In terms of religion, the 2016 census indicated that Catholicism was the most common religion (with 1,410 of 2,366 indicating that they were Catholic). There are two Roman Catholic churches in the town. It also has one of the highest proportions of Muslims in Ireland, representing approximately 23% of the town's population as of the 2016 census. Ballyhaunis is home to Ireland's first purpose-built mosque, the first mosque in Ireland outside Dublin.

==Media==
MidWest Radio is based at Ballyhaunis, and is a local radio station for Counties Mayo, Galway, Roscommon, Sligo and Leitrim.

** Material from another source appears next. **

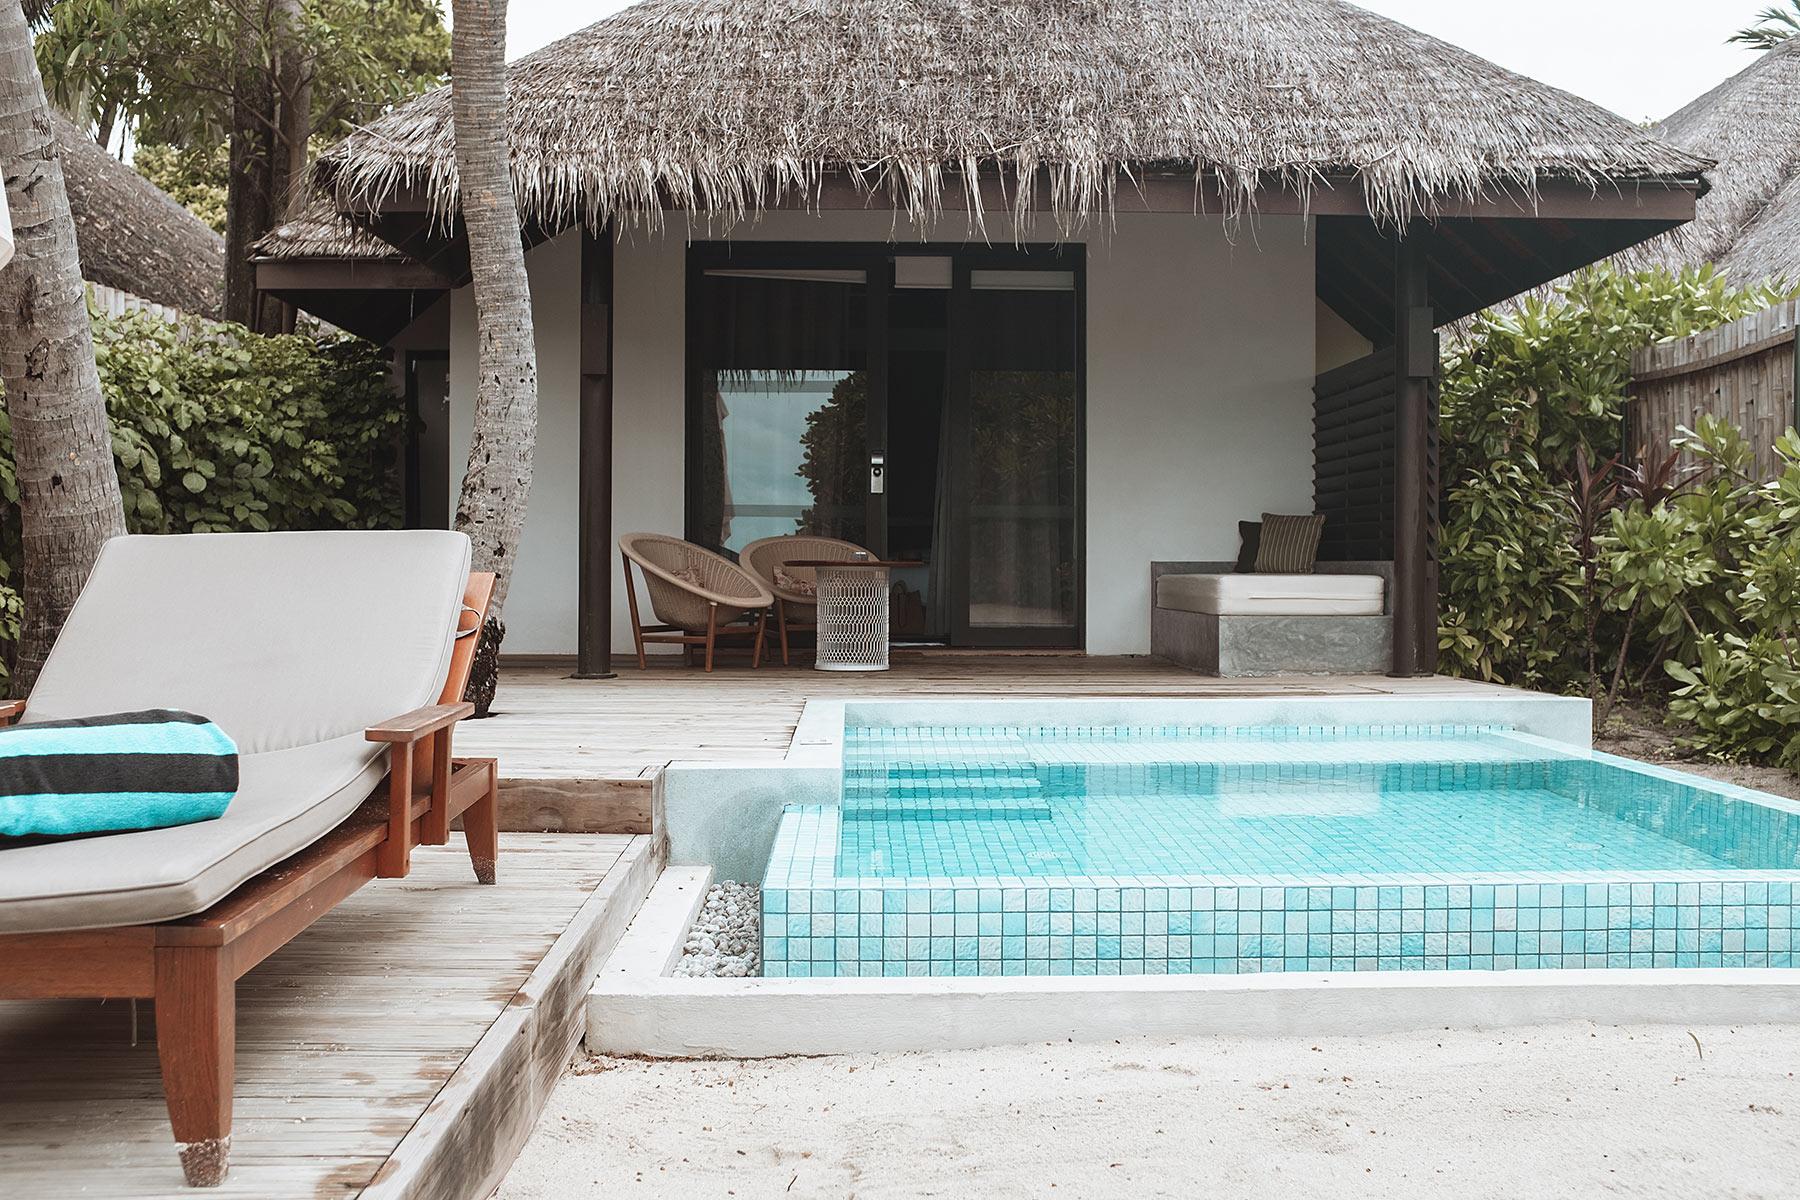 velassaru maldives beachvilla pool travel blog sunnyinga

Annagh Magazine is an annual publication that appears each December, containing material of local interest. It was established by Ballyhaunis Junior Chamber in 1977, and named after the local parish. The first edition was published at Christmas 1978. It includes articles about local events over the past year, as well as contributions covering Ballyhaunis history and culture.

==Education==
The town has a single primary school and secondary school; the co-educational primary school was formed by the merging of the town's original two primary schools, St Mary's Boys' National School and St Joseph's Girls' National School, to form Scoil Iosa National School. Ballyhaunis Community School, as was the case with a lot of community schools, was based on the merging of three schools that previously existed independently, St. Joseph's Convent Secondary School, Ballyhaunis Vocational School, and St. Patrick's College; the school first opened in September 1977.

==Transport==
===Bus===
The town is connected by Expressway bus route 64 which serves Galway and Derry via Sligo.

===Rail===
The area is served by Ballyhaunis railway station, a station on the Dublin–Westport rail service. The station opened on 1 October 1861, and its 150th anniversary was celebrated by a Ballyhaunis Railway Station-themed edition of the local Annagh Magazine in 2011.

==Sports==
Ballyhaunis GAA is the main sporting team in the town, fielding teams in both Gaelic football and hurling. Other sports played in Ballyhaunis include rugby, boxing, cricket, and soccer, and the town has three GAA pitches, two football pitches, two rugby pitches, a football astro pitch, a football and basketball court and a cricket training pitch.

==Twin towns==
Ballyhaunis is twinned with:

- Guilers, France (1984)

== Notable people ==
- Jack Coyne – Gaelic footballer on the Mayo county football team
- Charles Dillon – buried in the Friary with many of his ancestors. The Dillon family were Normans who developed the town from the 1200s.
- Seán Flanagan – Gaelic footballer, politician and government Minister.
- Jim Higgins – Senator, TD and Member of the European Parliament.
- Keith Higgins – full back on the senior Mayo county football team
- Anthony Jordan – author and biographer.
- Bill Naughton – playwright; wrote Alfie (1963), the basis of two film adaptations.
- Pamela Uba – Miss Ireland contest winner in 2021.